Gudão subiu em um banquinho, desamarrou Du Sagrado da cruz, aparou-o nos dois braços e, quando ia descer do banquinho, sua sandália Havaiana escorregou no barro úmido e ele desabou.
Na queda, ele soltou Jesus Cristo, que despencou de costas em cima do banquinho.
Duas costelas de Paulinho Du Sagrado quebraram na mesma hora.
Gemendo de dor, Jesus Cristo nem esperou para ressuscitar no segundo dia:
– Gudão, você me fodeu! – berrou ele, apalpando os quartos. “Puta que pariu, Gudão, você me fodeu! Estou fodido, Gudão, estou fodido...”.
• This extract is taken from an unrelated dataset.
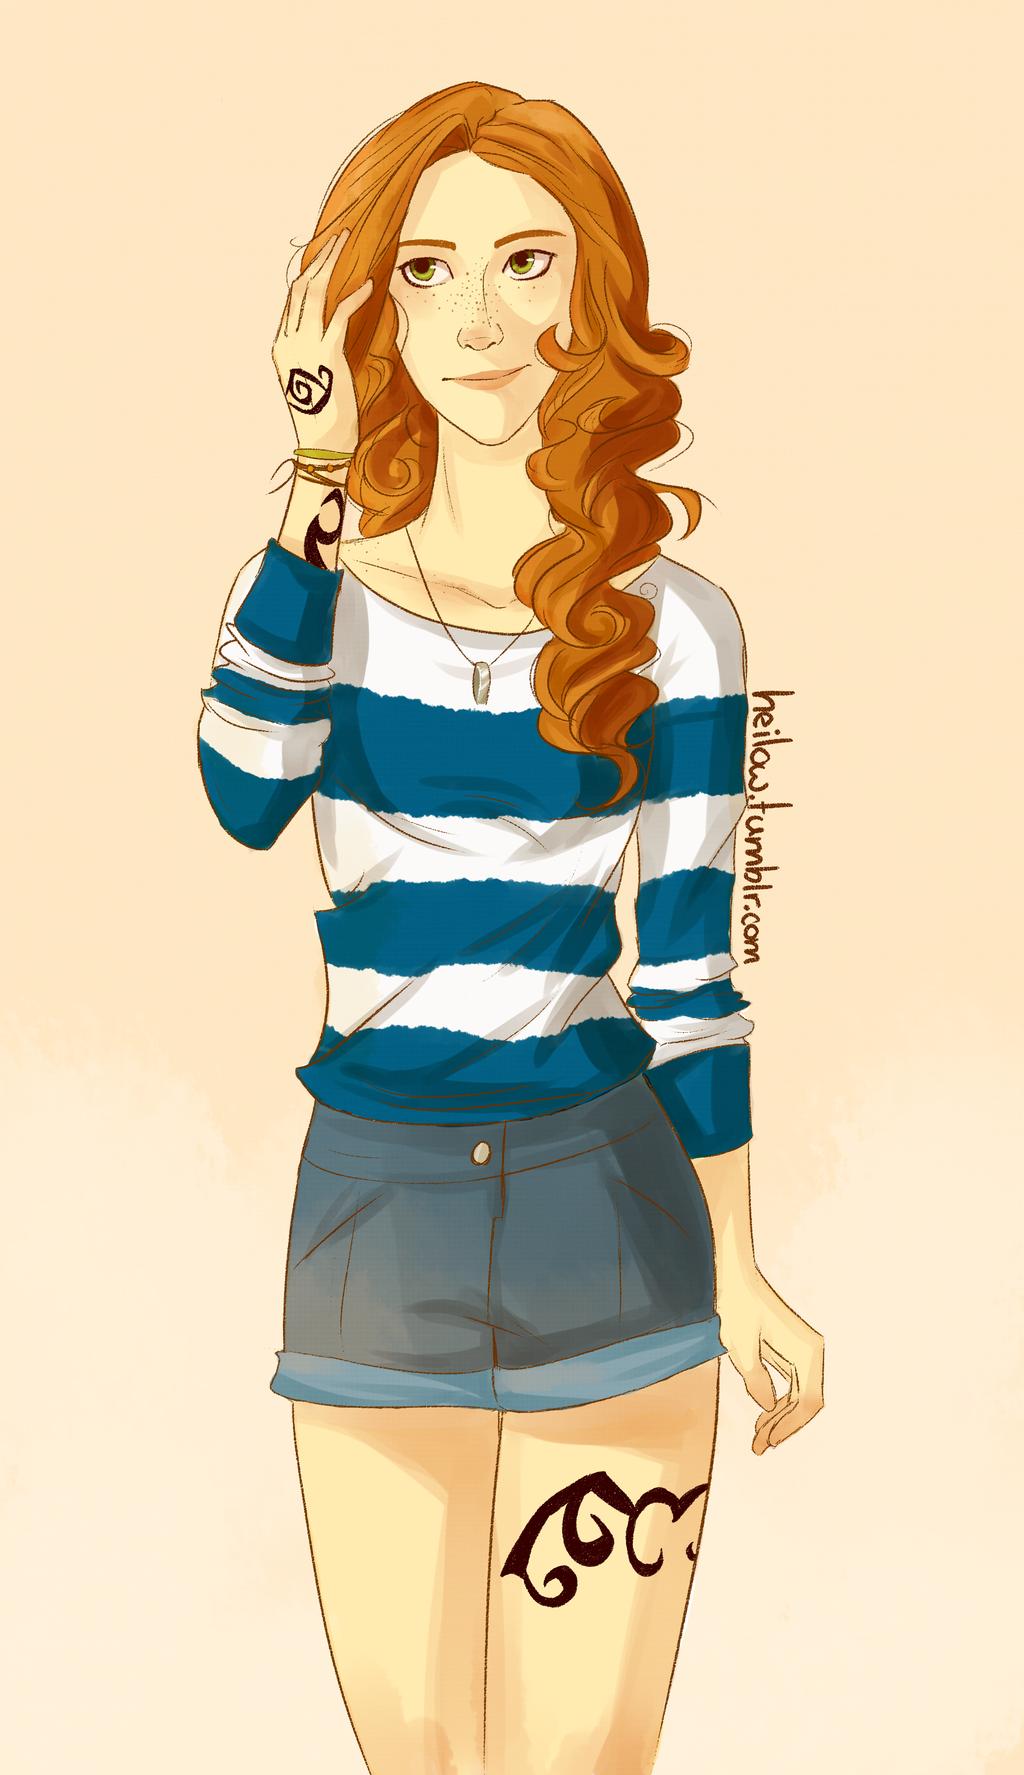 Clary Fray by heilow http://heilow.deviantart.com/art/Clary-443857744

A plateia da peça ao ar livre, formada quase exclusivamente por contritas beatas e pudicas mães de família da tradicional Igreja Católica, só faltou sair correndo.
Aquele Homem de Nazaré era um “boca-suja” de marca maior.
A peça foi encerrada ali mesmo.
Três dias depois, ainda com o corpo enfaixado por causa do acidente, Paulinho Du Sagrado relembrava o espetáculo e concluía sabiamente:
– Porra, velho, Jesus Cristo sofreu pra caralho!
Nunca mais foi convidado pelo padre Lupino para repetir a façanha.